◆ Required action: Leave out the pictures, and print exactly the lines from the one holding "First Drive: 2021" through the last line of the material.

◆ Stored data:

————————

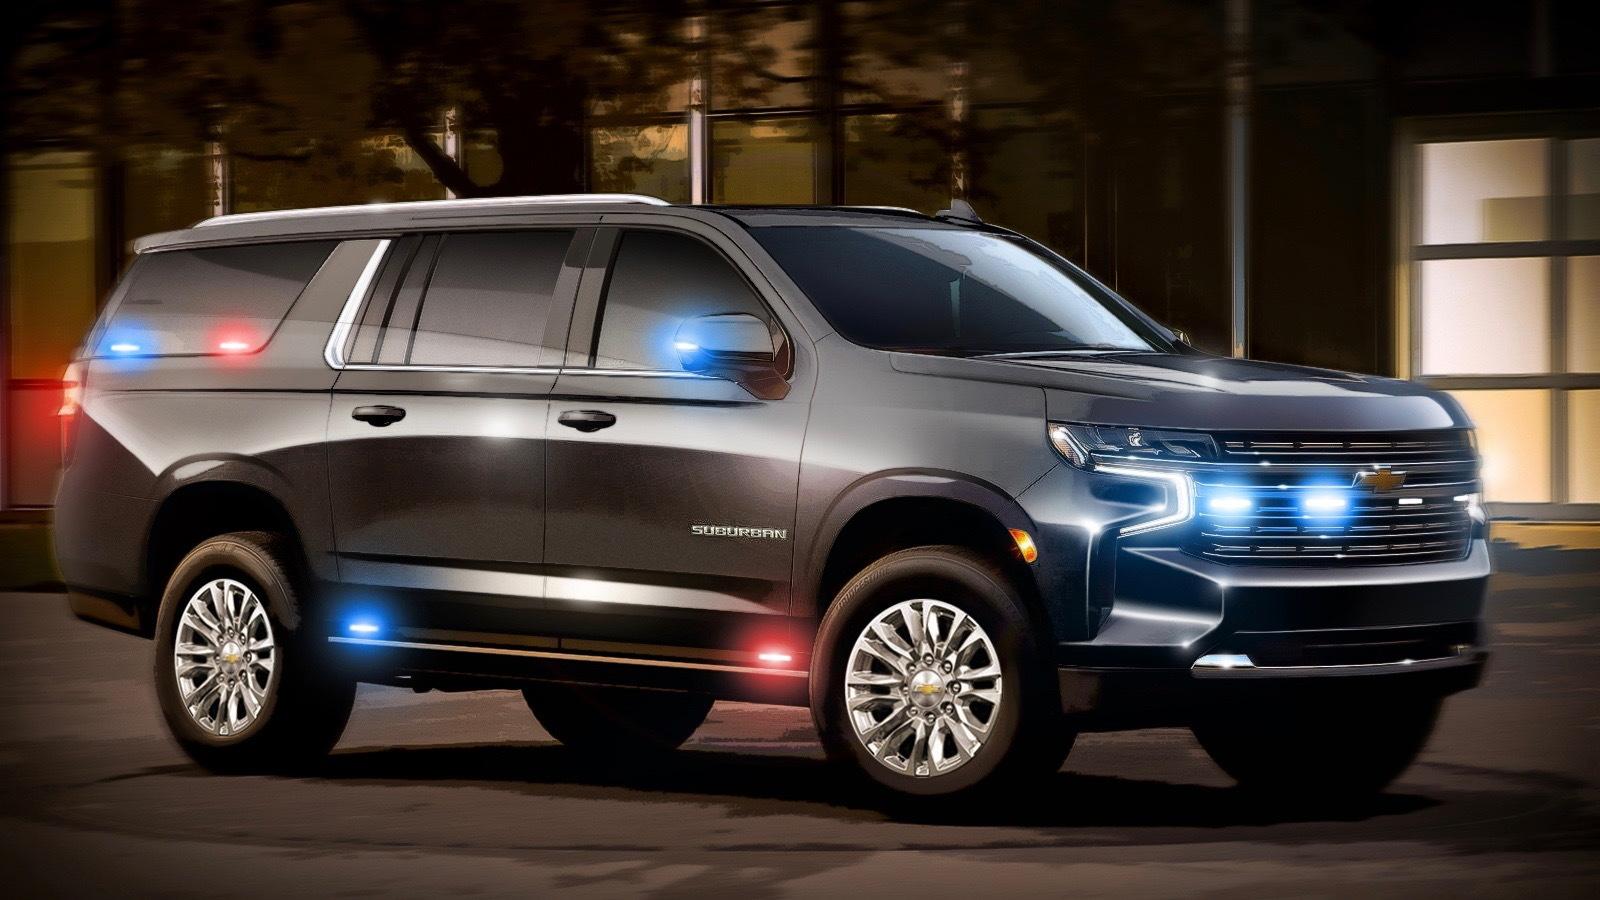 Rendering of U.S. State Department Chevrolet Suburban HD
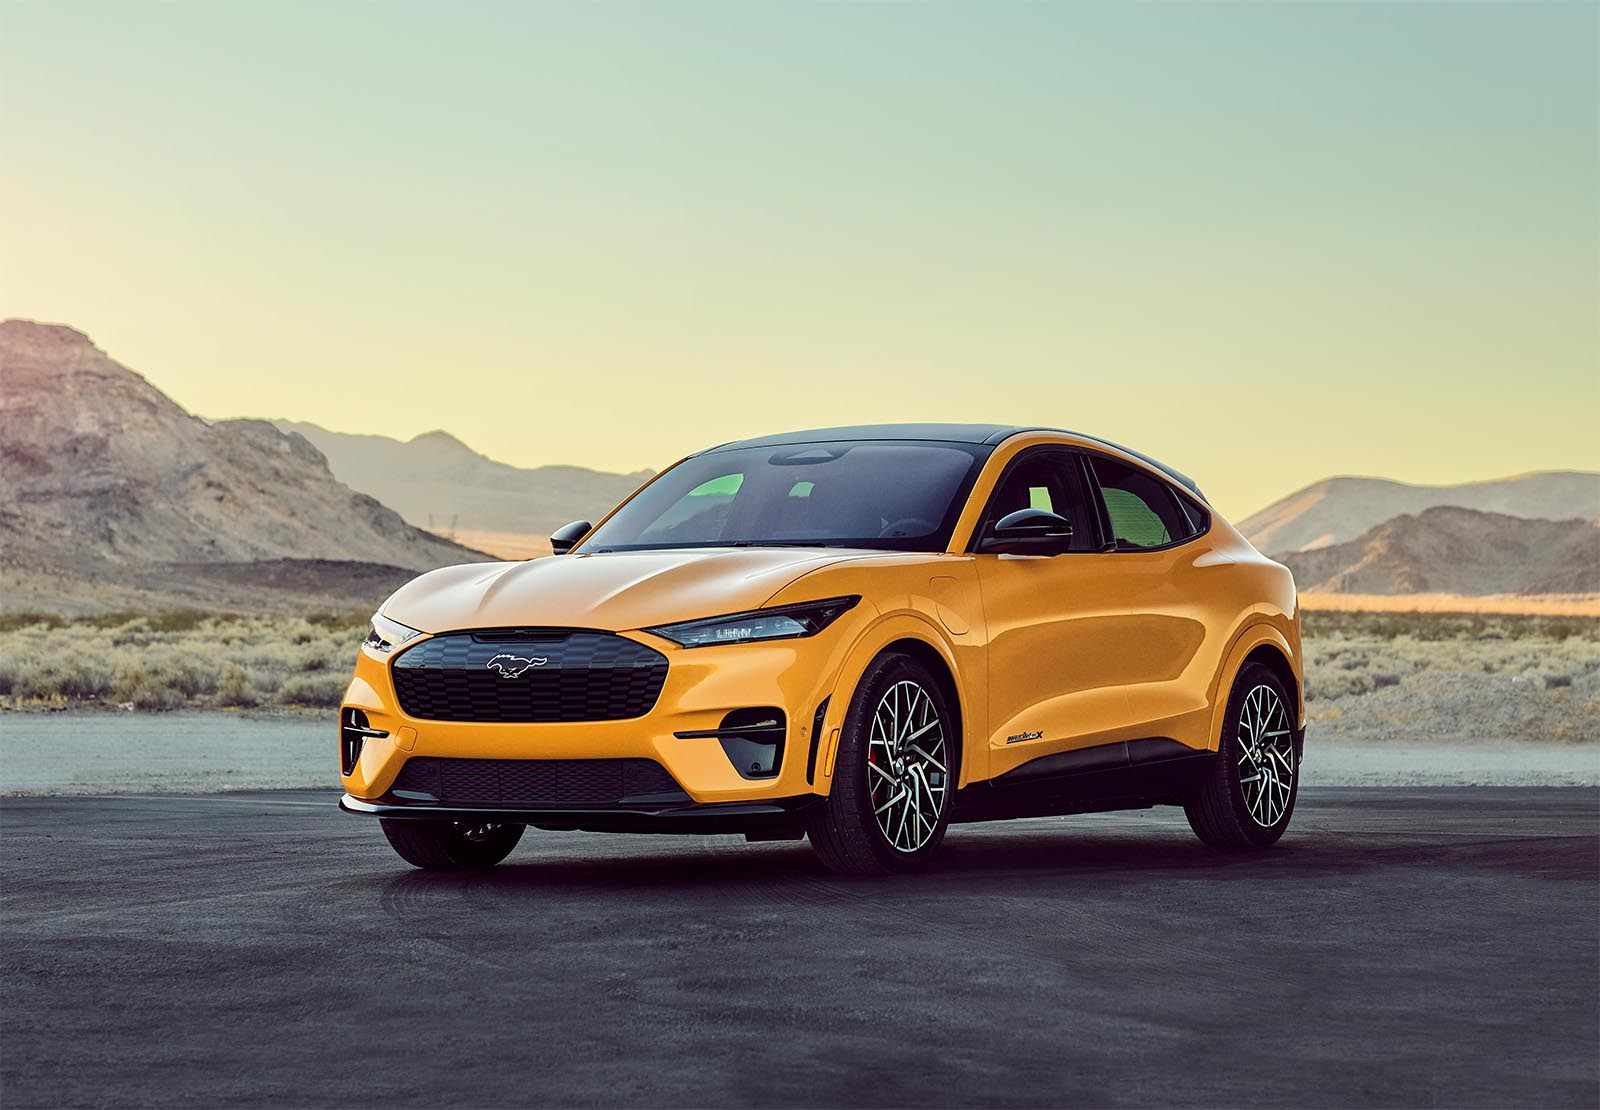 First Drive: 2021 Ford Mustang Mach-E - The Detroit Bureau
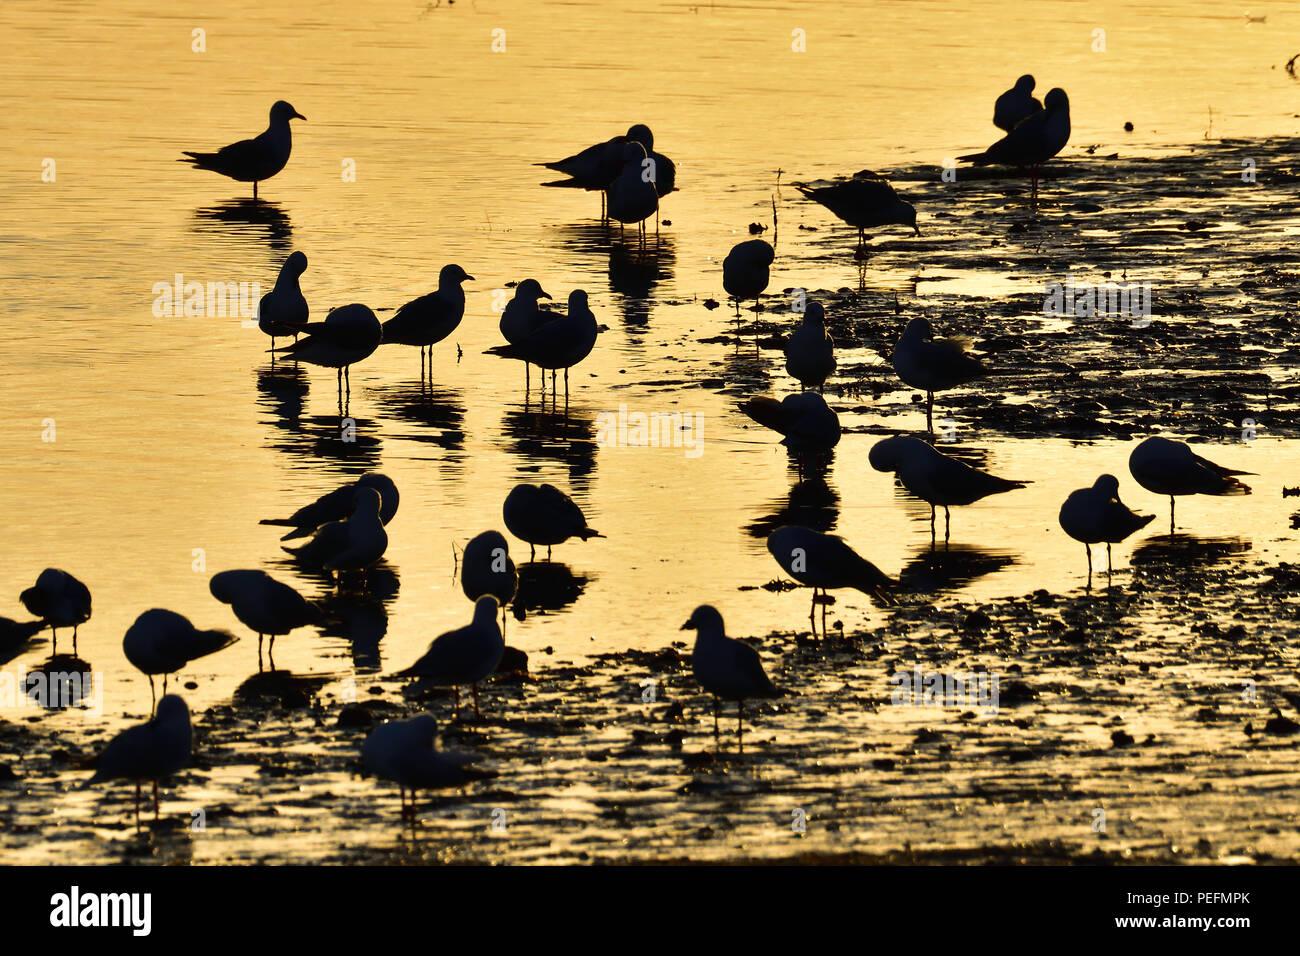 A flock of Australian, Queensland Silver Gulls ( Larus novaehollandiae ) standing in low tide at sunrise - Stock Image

————————

◆ Response below:
 First Drive: 2021 Ford Mustang Mach-E - The Detroit Bureau
 A flock of Australian, Queensland Silver Gulls ( Larus novaehollandiae ) standing in low tide at sunrise - Stock Image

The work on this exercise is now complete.